Бэнкс-то пытался в школу вернуться, но я уверен — так и не смог. Когда мы вылетаем из ворот, там уже и лента протянута и телекамеры стоят, в общем, все путем. Учителя переклички проводят, строят учеников, ну и прочая пофигень. Я постоял немного в сторонке. Потом на бордюр присел. А потом, не знаю. Просто смотрел, как все остальные.
Ну вот, вроде и все. Я же говорил, ничего я толком не знаю. Меня там и не было, когда все случилось.
На этот раз она начала оттуда, откуда начал он.
В комнате не было ничего, говорившего о порожденном ею насилии. Верхняя одежда на вешалке. Пальто на плечиках, единственное, — пережиток зимы, надо полагать. Все остальное — обычные куртки, легкие, недорогие, у одной рукав завернулся внутрь. Кофейные чашки на столе, ближайшая к ней опустошена до донышка, остальные не допиты, с молочной пленкой на поверхности кофе. Вскрытый пакетик диетического печенья на подлокотнике одного из кресел и крошки на сиденьях остальных. Сами сиденья в пятнах, местами прорваны, вполне уютны с виду.
Люсия Мэй перешла в кухоньку. Открыла дверцу микроволновки и, увидев, что там лежит, тут же захлопнула. Запах, впрочем, успел вырваться наружу — сладковатый; что-то искусственное, подумала она, низкокалорийное. На столе — сигареты «Мальборо», рядом с ними желтая пачка чая «Клипер». Вглядываться в них она не стала. Стоявший у моечной раковины буфет исполнял также роль доски объявлений. Аккуратно вырезанный из газеты комикс серии «Гарфилд» с жалобами на треклятый понедельник, памятка «Как мыть руки» и написанная от руки, обращенная к «людям» просьба ополаскивать чашки. Слово «люди» подчеркнуто, слово «чашки» тоже. В раковине понемногу покрывались плесенью четыре кружки. От раковины попахивало канализацией.
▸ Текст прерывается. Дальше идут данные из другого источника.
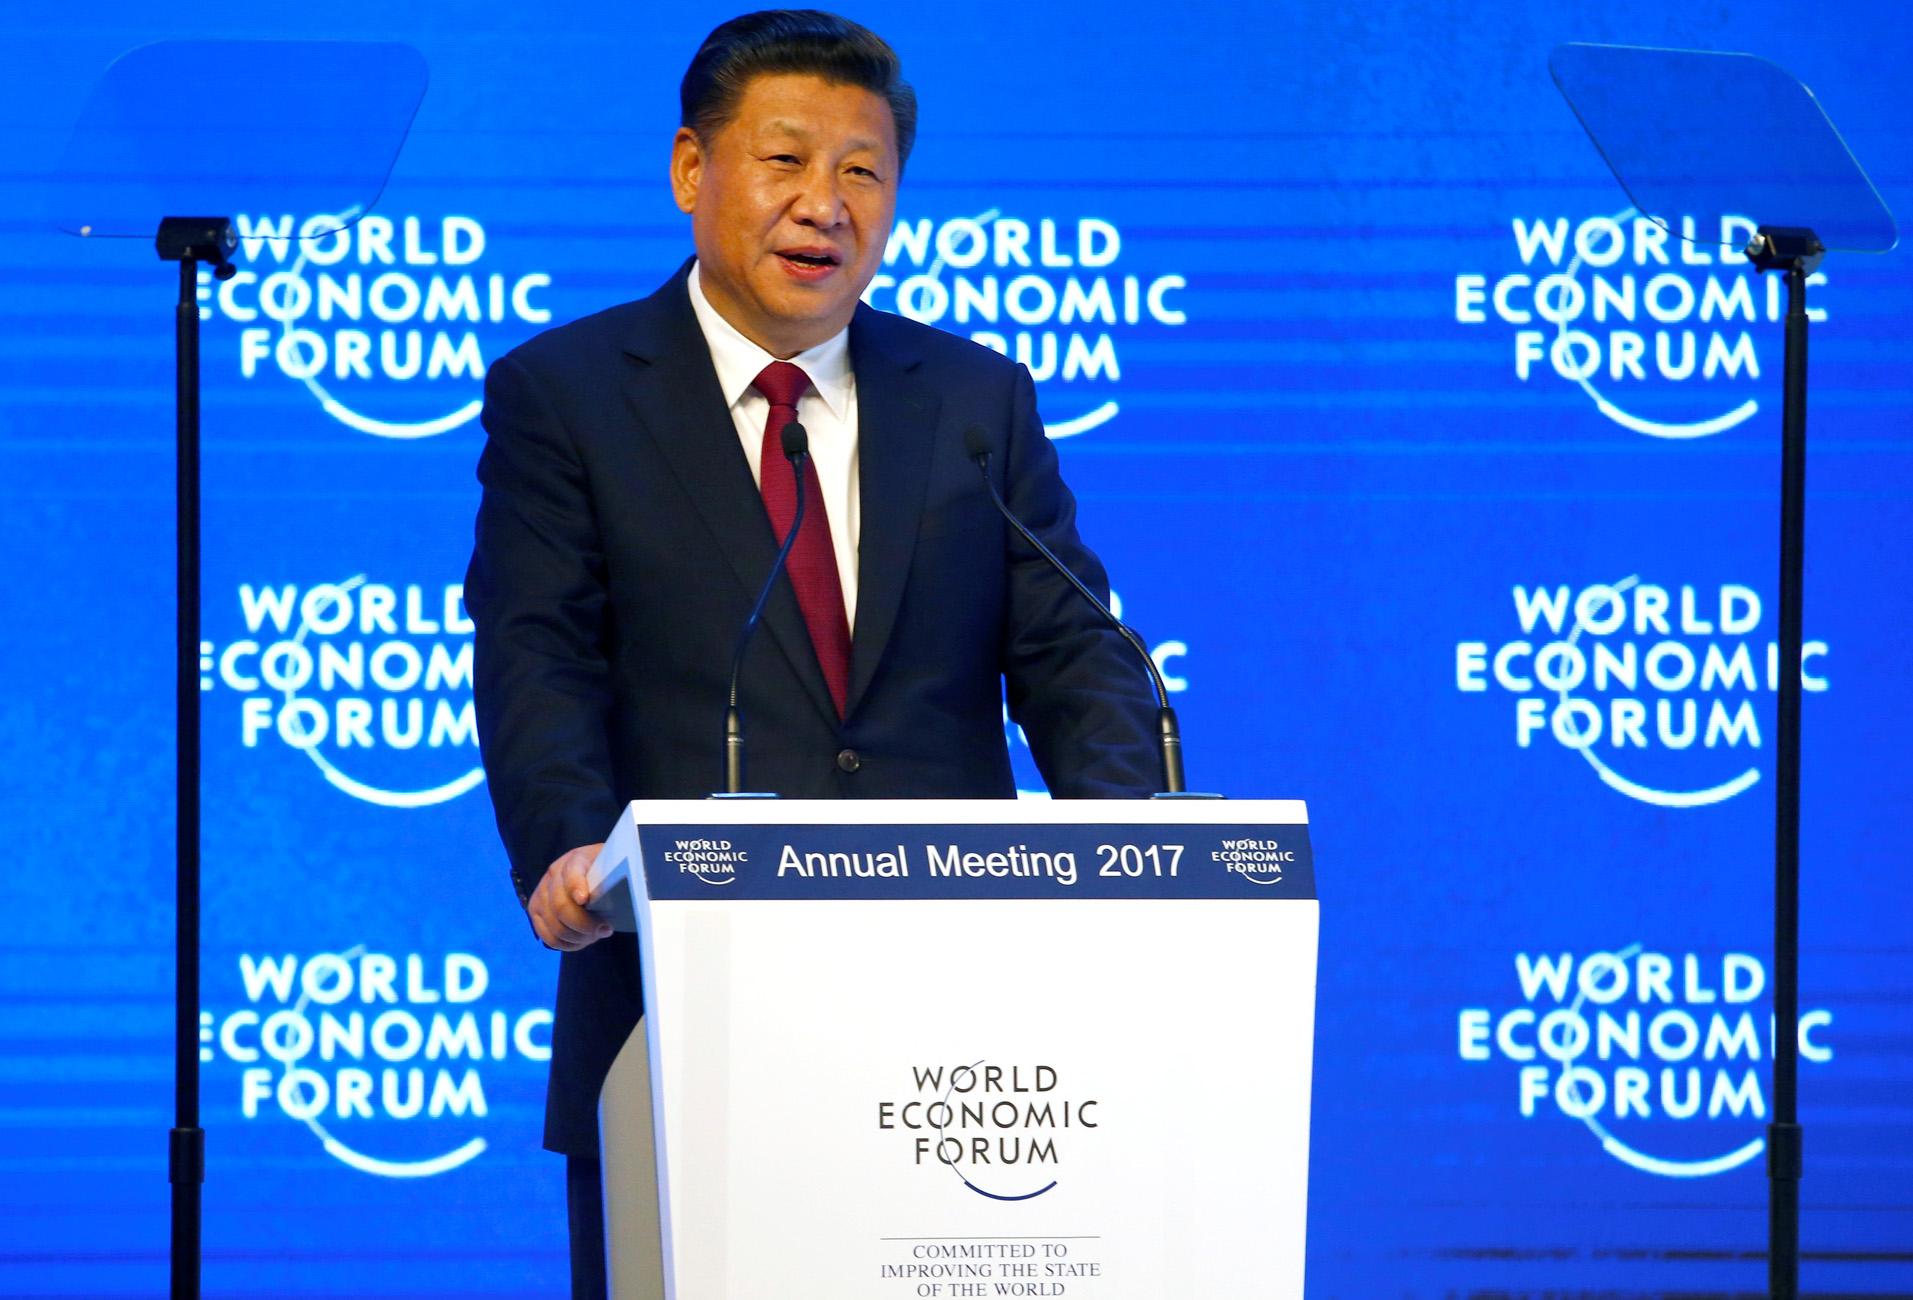 Νταβός: Για «νέα ψυχρό πόλεμο» προειδοποίησε η Κίνα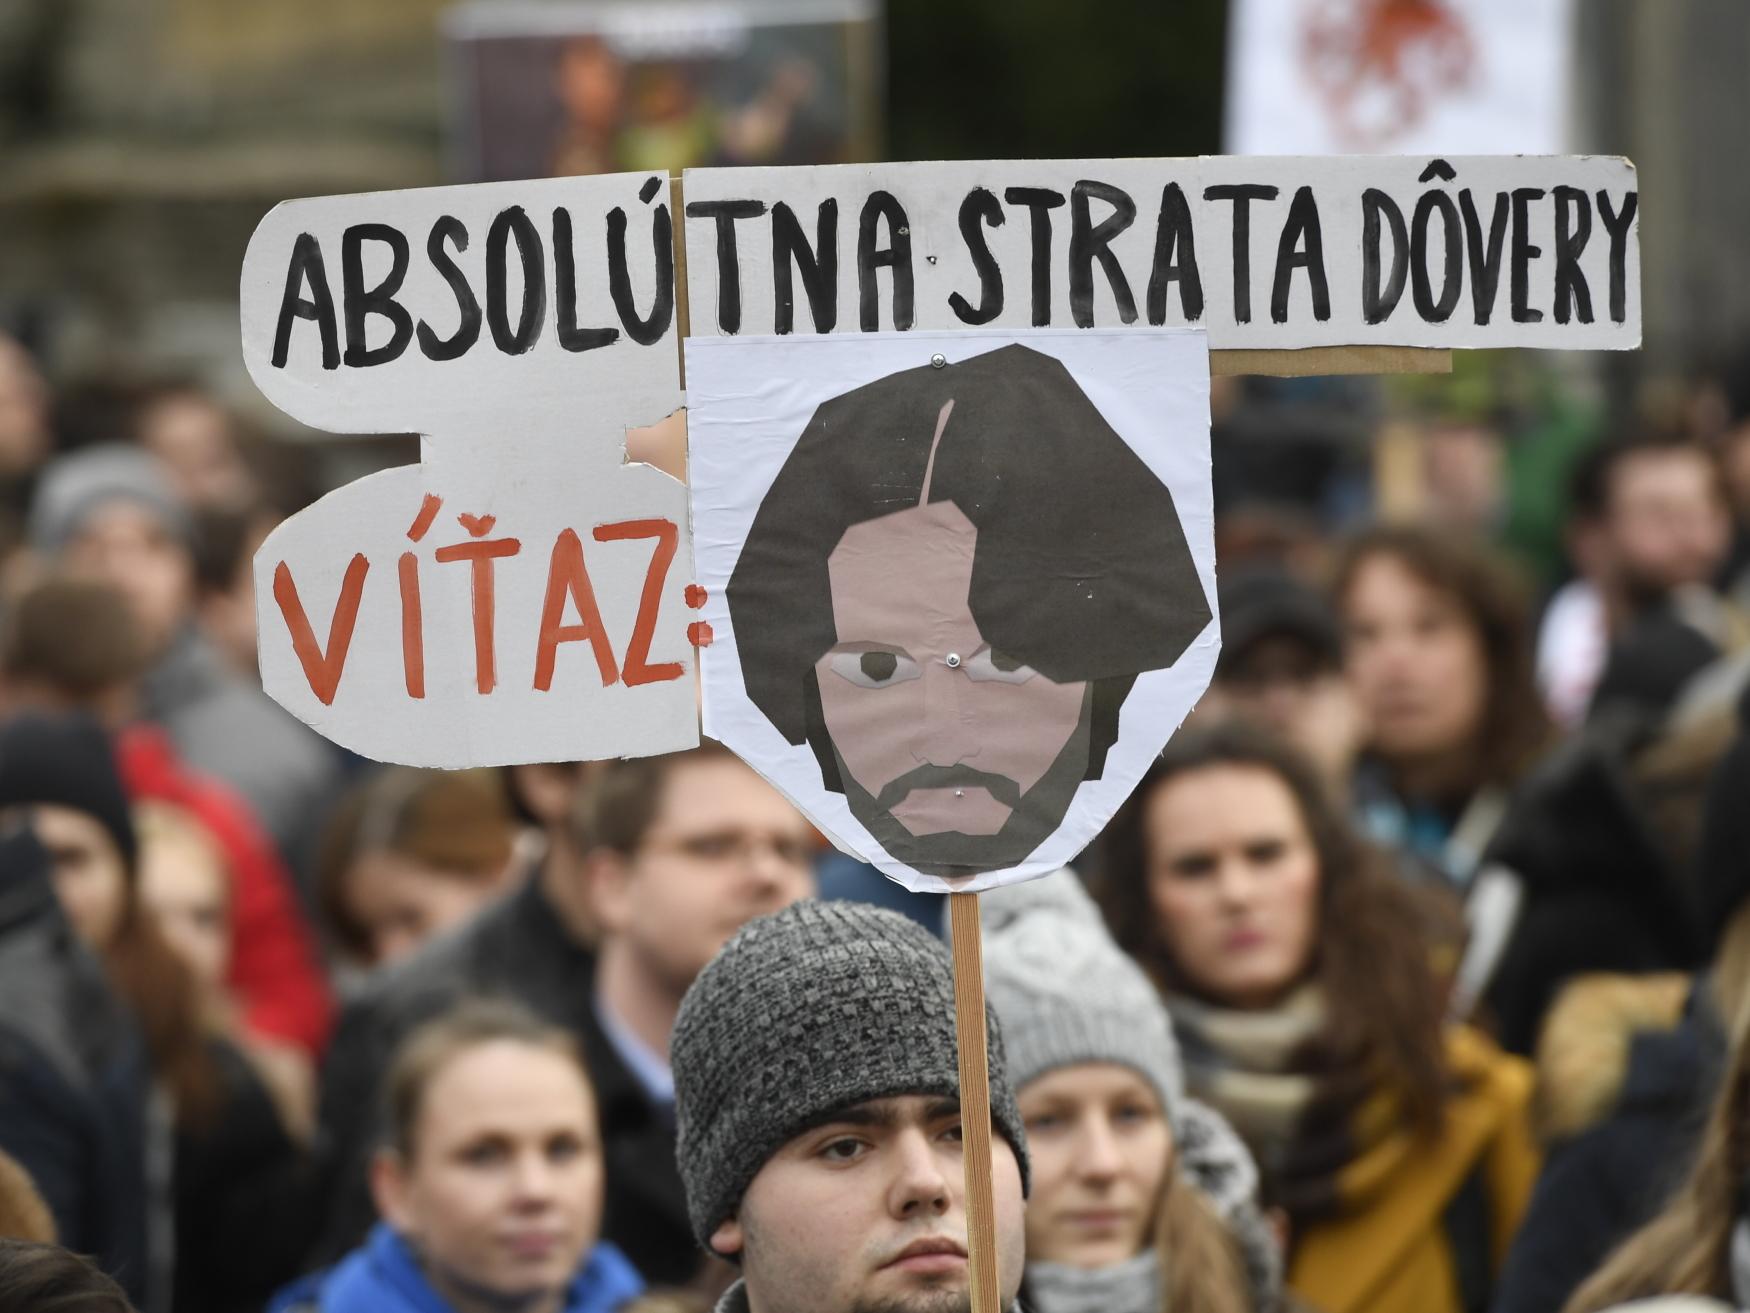 Demonstrace za nezávislé a důkladné vyšetření vraždy slovenského novináře Jána Kuciaka a jeho partnerky Martiny Kušnírové a za vznik nové a důvěryhodné vlády na Slovensku

Комнату он покинул в последним. Дождался, пока все уйдут.
Люсия вернулась в нее, пересекла, вышла в коридор. И увидела прямо перед собой настоящую доску объявлений — размером в половину бильярдного стола и почти такую же зеленую. На доске висели инструкции по противопожарным учениям, проведению медосмотров, списки дежурств преподавателей в актовом зале и во время перемен. Больше ничего. Листки были приколоты кнопками одинаковых цветов — один красными, остальные желтыми, по четыре на каждый. Люсии захотелось откнопить их и прикнопить как-то иначе, чтобы доска объявлений меньше отдавала казармой.
Она повернула налево, прошла по коридору, спустилась коротким лестничным маршем в вестибюль. Постояла там, гадая, прошел ли и он тем же путем. Взглянула вправо, в сторону столовой, потом влево, на двери. Увидела за стеклом двух полицейских в форме, спортивную площадку за ними и улицу за площадкой. Полицейские смотрели на нее — руки сложены на груди, глаза прикрыты козырьками касок.
Кровь на полу. Она знала, что здесь будет кровь и не собиралась обращать на нее внимание, потому что кровь пролилась потом, во время, не до того. И все равно вгляделась. Девочка, которой принадлежала эта кровь, была еще жива, когда проливала ее. Кровь стекала по ее руке к ладони и капала с пальцев, пока учительница несла девочку. Капли так и остались на полу, некоторые были размазаны — носком или каблуком чьей-то обуви, а может и коленом поскользнувшегося на ней человека.
Он здесь не останавливался, сказала себе Люсия, и пошла дальше, не наступая на кровь, но и не стараясь не наступать на нее.
Путь от преподавательской до актового зала был не близкий. У него было достаточно времени, чтобы поразмыслить, отказаться от задуманного, повернуть назад. Люсия почему-то знала, что он не думал, нарочно. Старался не думать.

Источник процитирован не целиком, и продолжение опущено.